(Source data)
--- --- ---

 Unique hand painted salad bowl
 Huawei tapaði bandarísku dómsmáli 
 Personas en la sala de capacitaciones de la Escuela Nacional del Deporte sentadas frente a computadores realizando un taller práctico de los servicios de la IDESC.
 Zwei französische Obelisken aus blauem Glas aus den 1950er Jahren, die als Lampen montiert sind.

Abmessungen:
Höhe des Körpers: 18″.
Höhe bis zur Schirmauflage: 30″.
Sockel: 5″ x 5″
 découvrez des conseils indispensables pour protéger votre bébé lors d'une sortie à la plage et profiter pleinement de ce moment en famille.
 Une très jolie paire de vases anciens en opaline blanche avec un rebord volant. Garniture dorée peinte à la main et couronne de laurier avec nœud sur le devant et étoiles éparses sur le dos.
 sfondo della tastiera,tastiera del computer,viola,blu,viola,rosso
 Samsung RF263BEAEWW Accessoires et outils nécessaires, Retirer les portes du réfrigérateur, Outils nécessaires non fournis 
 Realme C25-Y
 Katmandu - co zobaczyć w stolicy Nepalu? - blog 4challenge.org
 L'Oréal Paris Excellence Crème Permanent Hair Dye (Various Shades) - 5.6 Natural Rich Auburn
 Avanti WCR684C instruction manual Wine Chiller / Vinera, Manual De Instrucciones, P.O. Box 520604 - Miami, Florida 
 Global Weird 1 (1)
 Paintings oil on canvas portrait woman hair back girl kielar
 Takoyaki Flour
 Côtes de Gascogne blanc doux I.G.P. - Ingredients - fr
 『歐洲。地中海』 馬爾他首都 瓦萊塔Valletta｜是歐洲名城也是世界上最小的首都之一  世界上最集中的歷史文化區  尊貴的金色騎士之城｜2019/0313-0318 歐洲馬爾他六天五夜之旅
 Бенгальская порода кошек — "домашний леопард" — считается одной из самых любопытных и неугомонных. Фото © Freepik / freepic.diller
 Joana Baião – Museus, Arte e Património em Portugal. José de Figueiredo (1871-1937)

--- --- ---

_Required work_
Each line from the one holding "Global Weird 1 (1)" through the last line of the data is to be transcribed exactly, with nothing else added.

_Answer area_
 Global Weird 1 (1)
 Paintings oil on canvas portrait woman hair back girl kielar
 Takoyaki Flour
 Côtes de Gascogne blanc doux I.G.P. - Ingredients - fr
 『歐洲。地中海』 馬爾他首都 瓦萊塔Valletta｜是歐洲名城也是世界上最小的首都之一  世界上最集中的歷史文化區  尊貴的金色騎士之城｜2019/0313-0318 歐洲馬爾他六天五夜之旅
 Бенгальская порода кошек — "домашний леопард" — считается одной из самых любопытных и неугомонных. Фото © Freepik / freepic.diller
 Joana Baião – Museus, Arte e Património em Portugal. José de Figueiredo (1871-1937)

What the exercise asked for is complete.